--- What you need to do ---
Give back every record below precisely as written.
== Entries supplied
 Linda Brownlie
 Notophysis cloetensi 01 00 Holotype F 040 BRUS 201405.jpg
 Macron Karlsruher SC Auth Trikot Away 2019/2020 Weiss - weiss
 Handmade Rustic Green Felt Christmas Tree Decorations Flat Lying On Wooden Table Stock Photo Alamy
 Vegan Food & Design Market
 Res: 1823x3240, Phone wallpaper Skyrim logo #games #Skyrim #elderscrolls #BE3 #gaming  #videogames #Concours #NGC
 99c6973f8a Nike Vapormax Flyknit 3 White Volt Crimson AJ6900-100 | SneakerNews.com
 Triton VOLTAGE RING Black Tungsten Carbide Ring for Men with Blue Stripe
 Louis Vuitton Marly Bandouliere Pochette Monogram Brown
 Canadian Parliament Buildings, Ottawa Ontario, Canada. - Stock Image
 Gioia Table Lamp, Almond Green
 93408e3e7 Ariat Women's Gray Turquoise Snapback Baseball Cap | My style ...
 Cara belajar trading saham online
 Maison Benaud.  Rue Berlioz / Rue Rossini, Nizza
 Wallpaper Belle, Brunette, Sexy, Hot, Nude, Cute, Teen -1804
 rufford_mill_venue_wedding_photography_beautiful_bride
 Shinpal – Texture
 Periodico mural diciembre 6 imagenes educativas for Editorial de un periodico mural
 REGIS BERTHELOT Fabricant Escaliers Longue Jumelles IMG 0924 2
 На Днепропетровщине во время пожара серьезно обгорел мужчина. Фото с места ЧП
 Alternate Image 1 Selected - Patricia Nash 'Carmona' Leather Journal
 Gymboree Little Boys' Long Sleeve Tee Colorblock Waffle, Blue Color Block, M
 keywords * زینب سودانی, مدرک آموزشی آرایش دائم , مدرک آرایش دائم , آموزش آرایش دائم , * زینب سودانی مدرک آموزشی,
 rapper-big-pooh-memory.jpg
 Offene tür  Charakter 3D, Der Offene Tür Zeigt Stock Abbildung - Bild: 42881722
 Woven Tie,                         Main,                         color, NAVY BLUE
====
--- Solution to the problem ---
 Linda Brownlie
 Notophysis cloetensi 01 00 Holotype F 040 BRUS 201405.jpg
 Macron Karlsruher SC Auth Trikot Away 2019/2020 Weiss - weiss
 Handmade Rustic Green Felt Christmas Tree Decorations Flat Lying On Wooden Table Stock Photo Alamy
 Vegan Food & Design Market
 Res: 1823x3240, Phone wallpaper Skyrim logo #games #Skyrim #elderscrolls #BE3 #gaming  #videogames #Concours #NGC
 99c6973f8a Nike Vapormax Flyknit 3 White Volt Crimson AJ6900-100 | SneakerNews.com
 Triton VOLTAGE RING Black Tungsten Carbide Ring for Men with Blue Stripe
 Louis Vuitton Marly Bandouliere Pochette Monogram Brown
 Canadian Parliament Buildings, Ottawa Ontario, Canada. - Stock Image
 Gioia Table Lamp, Almond Green
 93408e3e7 Ariat Women's Gray Turquoise Snapback Baseball Cap | My style ...
 Cara belajar trading saham online
 Maison Benaud.  Rue Berlioz / Rue Rossini, Nizza
 Wallpaper Belle, Brunette, Sexy, Hot, Nude, Cute, Teen -1804
 rufford_mill_venue_wedding_photography_beautiful_bride
 Shinpal – Texture
 Periodico mural diciembre 6 imagenes educativas for Editorial de un periodico mural
 REGIS BERTHELOT Fabricant Escaliers Longue Jumelles IMG 0924 2
 На Днепропетровщине во время пожара серьезно обгорел мужчина. Фото с места ЧП
 Alternate Image 1 Selected - Patricia Nash 'Carmona' Leather Journal
 Gymboree Little Boys' Long Sleeve Tee Colorblock Waffle, Blue Color Block, M
 keywords * زینب سودانی, مدرک آموزشی آرایش دائم , مدرک آرایش دائم , آموزش آرایش دائم , * زینب سودانی مدرک آموزشی,
 rapper-big-pooh-memory.jpg
 Offene tür  Charakter 3D, Der Offene Tür Zeigt Stock Abbildung - Bild: 42881722
 Woven Tie,                         Main,                         color, NAVY BLUE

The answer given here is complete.